After meeting with US President Donald Trump, House Speaker Paul Ryan withdrew the bill to replace Affordable Care Act, or ObamaCare, after a growing number of defections from moderate and ultra-conservative Republicans occurred in the final hours before the vote on Friday. The decision came one day after President Trump delivered an ultimatum to House lawmakers warning that they must vote Friday to repeal the current law or concede that Obama’s major achievement would remain in place.



Mergers, Acquisitions and Joint Ventures


Sanofi is rumored to be in close negotiation to acquire Flexion (Burlington, MA, USA) and get access to Zilretta, or FX006, a pain drug for treating osteoarthritis, currently under review at the US FDA. Spokespersons at both companies did not comment, but people close to one of the company indicated that extensive due-diligence were ongoing.




X-Chem Pharmaceuticals (Waltham, MA,USA) partners with Astellas Pharma (Tokyo, Japan) to discover novel lead compounds for complex drug targets of interest to Astellass using X-Chem collection of DNA-encoded DEXTM libraries containing more than 120 billion compounds.

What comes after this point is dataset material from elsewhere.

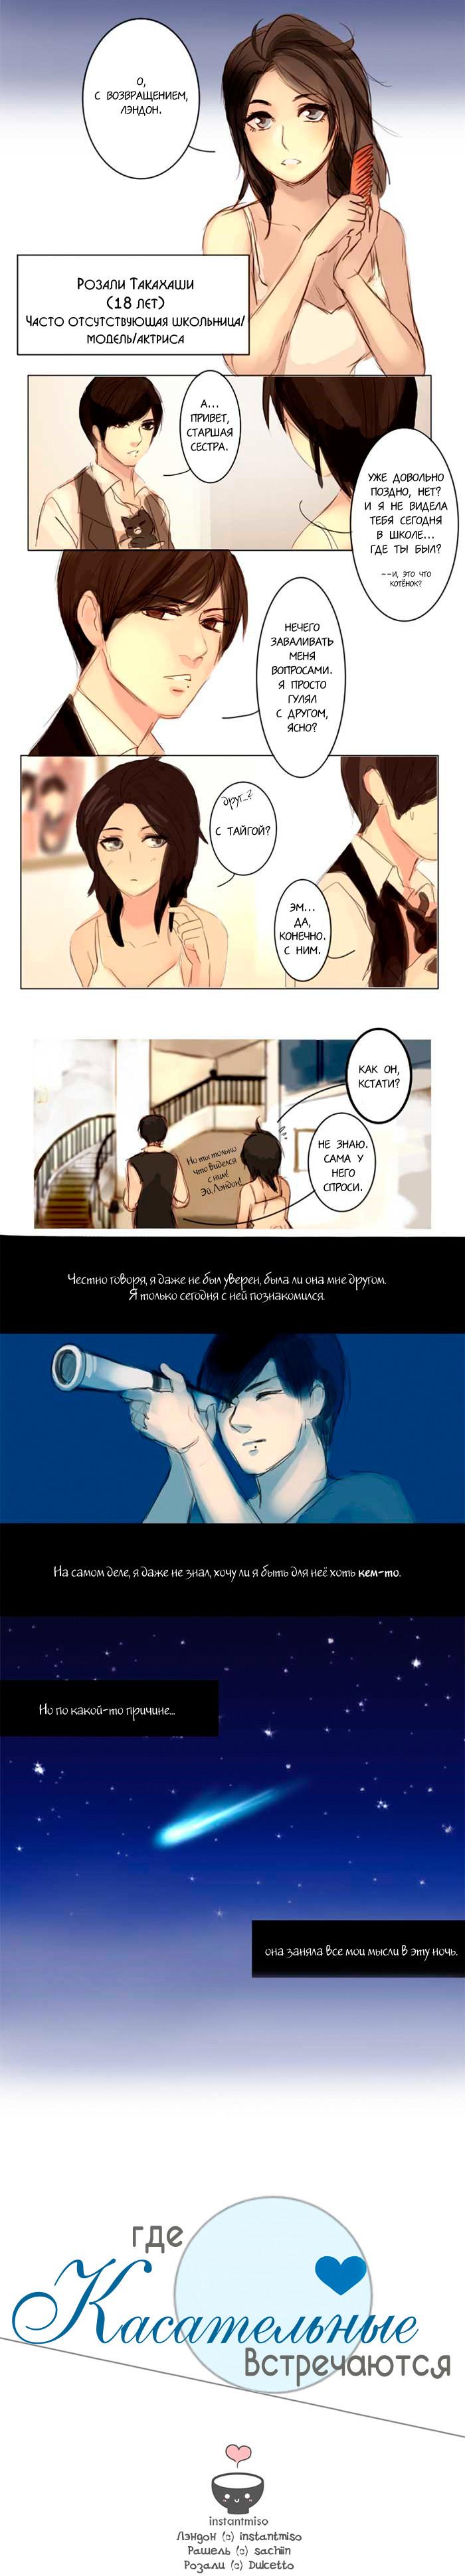 https://r1.ninemanga.com/comics/pic2/21/22485/241937/1431269188515.jpg Page 7

DEX—short for DNA-Encoded X-Chem—is designed to discover novel lead compounds against a wide range of targets, based on proprietary innovations in library design, screening methodology, and bioinformatics. According to X-Chem, the library is screened as a mixture using affinity-based binding to a target of interest. Certain rare molecules in the library that bind to the target can be fished out, while the rest are washed away. DNA sequencing is then used to detect molecules that are enriched when bound to the target. X-Chem says its approach allows additional chemical reactions to be usable in DNA-encoded library synthesis. Astellas has the option to license identified lead compounds. Astellas will make a $16 million upfront, followed by research funding as well as license and option fees as the collaboration proceeds which could reach as much as $100 million per target.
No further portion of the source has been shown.